XELJANZ-treated patients experienced significantly fewer disease flares at Week 44 compared to placebo-treated patients (31% [27/88] vs. 55% [47/85]; difference in proportions -25% [95% CI: -39%, -10%]; p=0.0007). The occurrence of disease flare by visit in Study pcJIA-I is shown in Figure 7.

Figure 7: Occurrence of Disease Flare in Pediatric Patients 2 Years of Age and Older with JIA by Visit from Week 18 to Week 44 in the Double-Blind Phase in Study pcJIA-I

BID = twice daily; SE = standard error; N = total number of patients.

The 26-week double-blind phase is from Week 18 through Week 44 on and after randomization day.

14.5 Clinical Studies in Ulcerative Colitis

14.6 Safety Study in Adults with Rheumatoid Arthritis (XELJANZ Versus TNF-blocker)

A randomized open-label trial (RA Safety Study 1; NCT02092467) was conducted to evaluate safety with XELJANZ tablets (referred to as “XELJANZ” in this subsection of labeling) at two doses, 5 mg twice daily (N=1455) and 10 mg twice daily (N=1456), versus the TNF-blocker control (N=1451) in RA patients 50 years of age and older with at least one cardiovascular risk factor. The co-primary endpoints were adjudicated MACE (defined as cardiovascular death, non-fatal MI, and non-fatal stroke) and adjudicated malignancy (excluding non-melanoma skin cancer). The study was designed to exclude a prespecified risk margin of 1.8 for the hazard ratio of combined XELJANZ regimens versus the TNF-blocker control for each co-primary endpoint. An independent committee conducted a blinded evaluation of the co-primary endpoints according to predefined criteria (adjudication). The study was event-driven and patients were followed until a sufficient number of primary outcome events accrued. Other endpoints included mortality, serious infections, and thromboembolic events.

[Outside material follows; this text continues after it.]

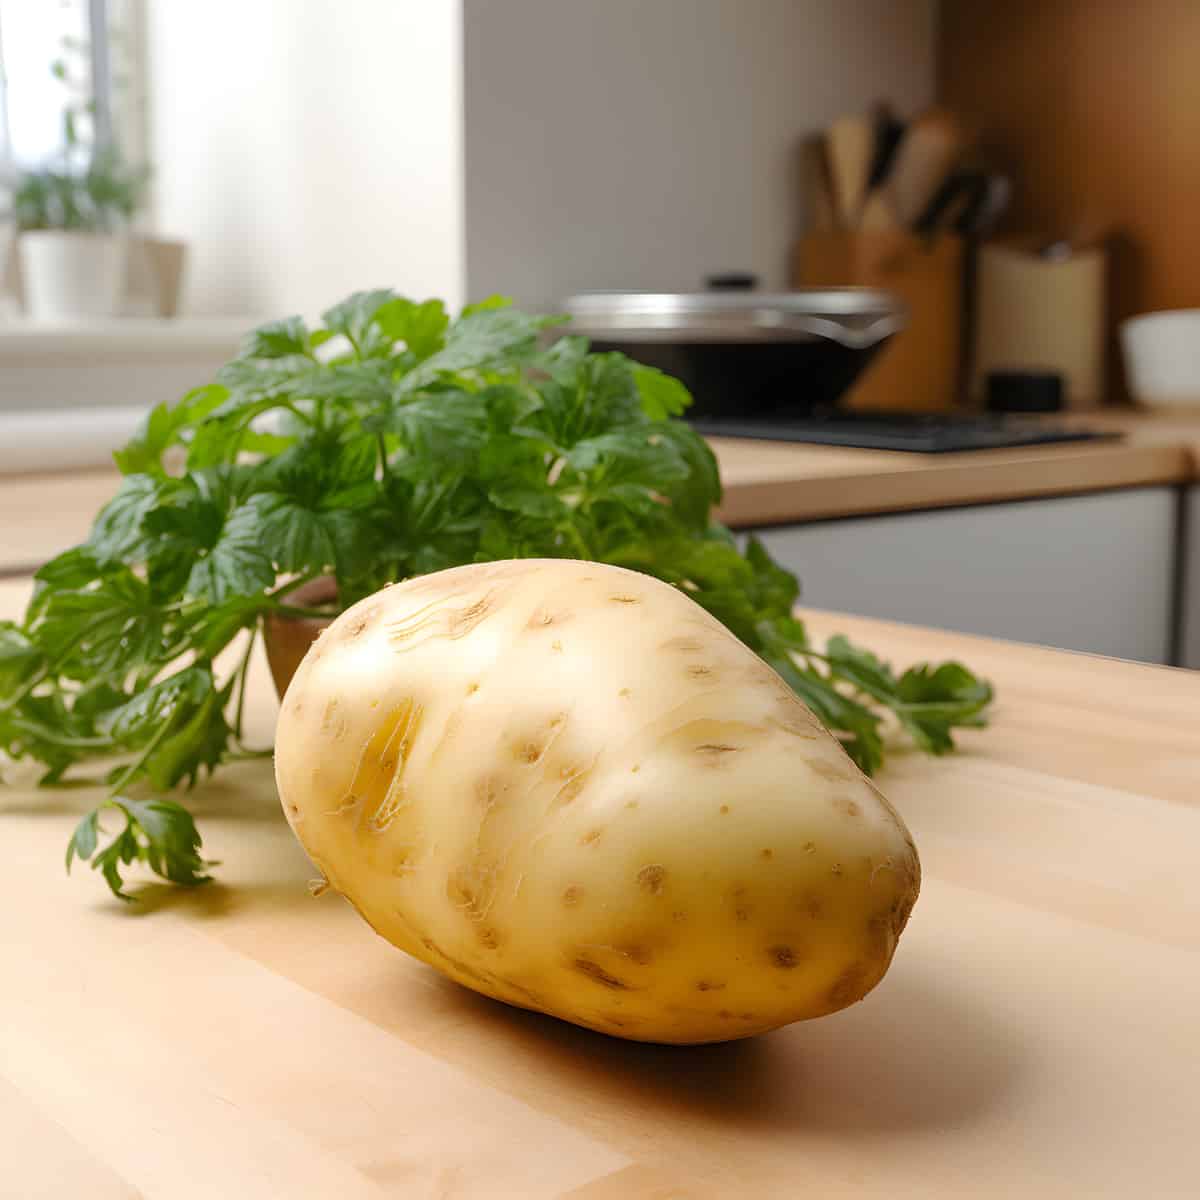 Black Champion Potatoes on a kitchen counter

The median on-study follow-up time was 4 years.

The mean age of the population was 61 years (range: 50 to 88 years). Most patients were female (78%) and Caucasian (77%). Patients had a diagnosis of RA for a mean of 10 years, and a median swollen and tender joint count of 11 and 15 respectively. Cardiovascular risk factors included cigarette smoking (current or past) (48%), hypertension (66%), high density lipoprotein <40 mg/dL (12%), diabetes mellitus (17%), family history of premature coronary heart disease (15%), extra-articular disease associated with RA (37%), and history of coronary artery disease (11%).

The non-inferiority criterion was not met for the primary comparison of the combined XELJANZ dosages to TNF blockers since the upper limit of the 95% CI exceeded the pre-specified non-inferiority criterion of 1.8 (for MACE, the upper limit of the 95% CI was 1.94; for malignancies excluding NMSC, the upper limit of the 95% CI was 2.09).

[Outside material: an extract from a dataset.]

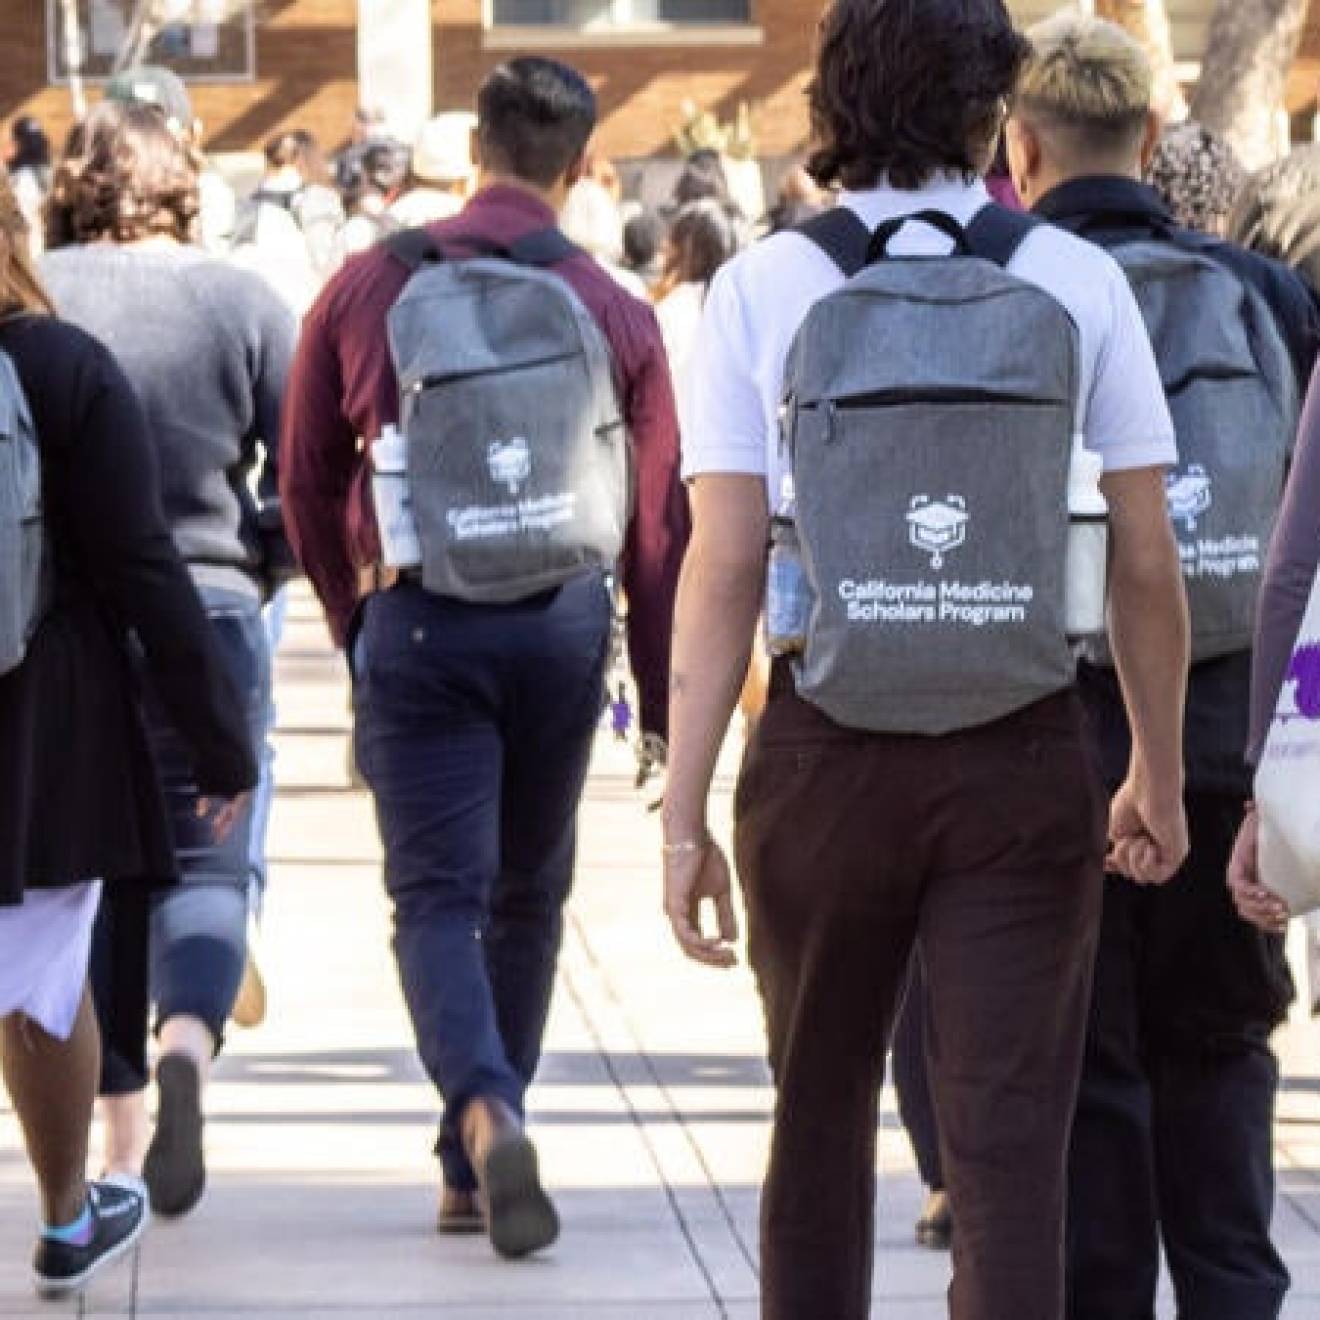 Students walking on UC Riverside campus with California Medicine Scholars Program backpacks

Table 22 shows the study results for each of the co-primary endpoints, and other endpoints. There was an increased risk of death, MACE, malignancies, serious infections, and thromboembolic events associated with both dosages of XELJANZ.

Lymphomas and lung cancers, which are a subset of all malignancies in RA Safety Study 1, were observed at a higher rate in patients treated with XELJANZ 5 mg twice a day and XELJANZ 10 mg twice a day compared to those treated with TNF blockers. Lymphoma was reported for 4 patients who received XELJANZ 5 mg twice a day, 6 patients who received XELJANZ 10 mg twice a day, and 1 patient who received TNF blockers (Incidence Rate [IR] of 0.07, 0.11, and 0.02 per 100 patient-years, respectively). Among current and past smokers, lung cancer was reported for 13 patients who received XELJANZ 5 mg twice a day, 15 patients who received XELJANZ 10 mg twice a day, and 7 patients who received TNF blockers (IR of 0.48, 0.59, and 0.27 per 100 patient-years, respectively).

Given these increased risks, XELJANZ (tablets and oral solution) 10 mg twice daily (or XELJANZ XR (extended-release tablets) 22 mg once daily) dosages are not recommended for the treatment of RA, PsA, AS or pcJIA [see Dosage and Administration (2.3, 2.4)].